I’ve developed a new way to visualize the results from one of our analyses from the perceived financial capability paper. In the previous post, I plotted the standardized score on the y axis and age groups across the x axis. Then perceived financial capability (a.k.a. subjective knowledge) and objective knowledge are plotted as separate lines. As an alternative we position the scores on x and y axes and plot the age groups as factors in the graph. The resulting display implies a correlation indicated with a 45-degree line. The deviation from the straight line – above or below – indicates the extent of over estimation and under estimation of financial knowledge by age group. By showing distance from the straight line we see clearly that individuals over 60 yrs of age overestimate their financial knowledge. I think the plot roughly meets the criteria established by Tufte (2001). I am curious what others think about the pros and cons of these two graphical displays.

Visualization excellence

  • Consists of complex ideas communicated with clarity, precision, and efficiency;
  • Is that which gives to the viewer the greatest number of ideas in the shortest time with the least ink in the smallest space;
  • Is nearly always multivariate;
  • Requires telling the truth about the data.

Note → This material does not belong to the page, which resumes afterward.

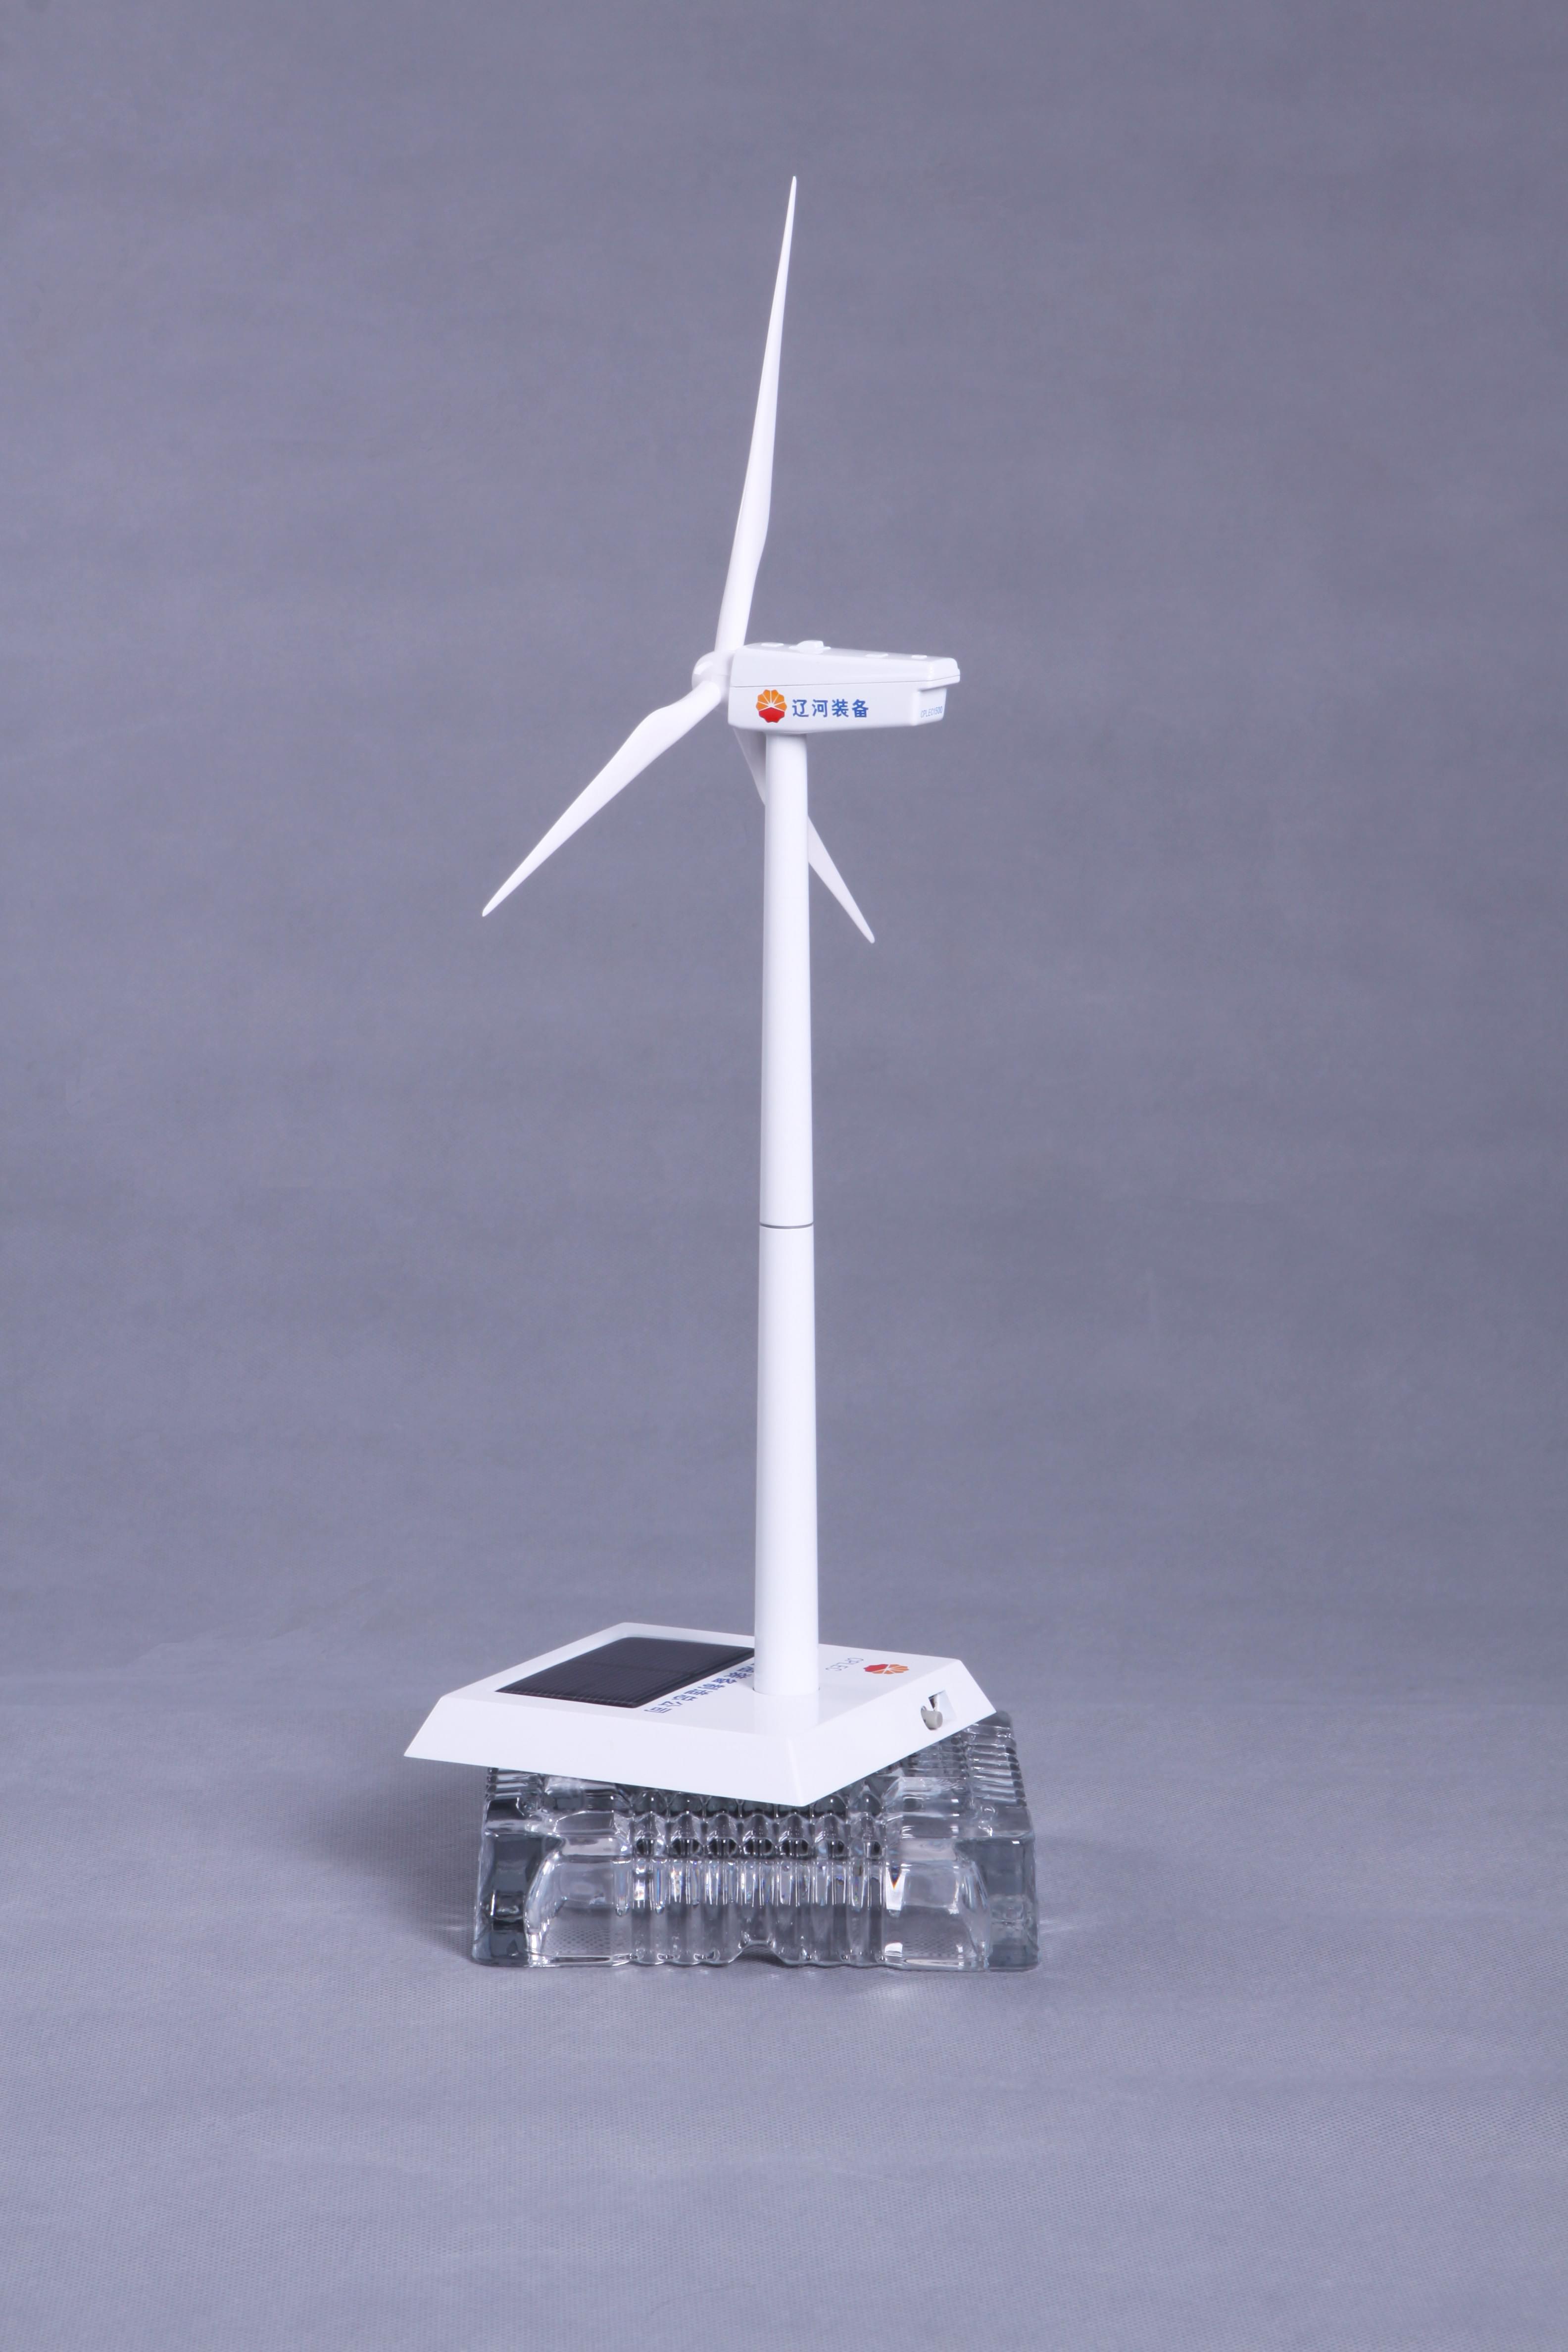 太阳能风车模型

Tufte, E. (2001). The visual display of quantitative information (2nd ed.). Cheshire, CT: Graphics press.

Towards a measure of perceived financial capability


There is a growing interest in understanding the psychological and cognitive components that affect financial decisions. With factor analysis we produce a single measure of perceived financial capability from five items in the 2009 Canadian Survey of Financial Capability (N = 15,519). After adjusting the measure for the influence of income, we find through bivariate analysis and multiple regression that younger individuals and females have low levels of perceived financial capability. Results indicate that perceived financial capability is conceptually distinct from objective financial knowledge. Approximately 65% of the correlation between perceived financial capability and financial knowledge was unexplained by the covariates. This Figure shows how financial capability and financial knowledge scores (both standardized) vary across the life cycle. Between ages 25 and 55 there is a pattern of under-estimation. After age 60 people tend to overestimate their ability to manage finances. Understanding perceived financial capability is but one component of the broader concept of comprehensive financial capability that also includes objective knowledge and the opportunity to act.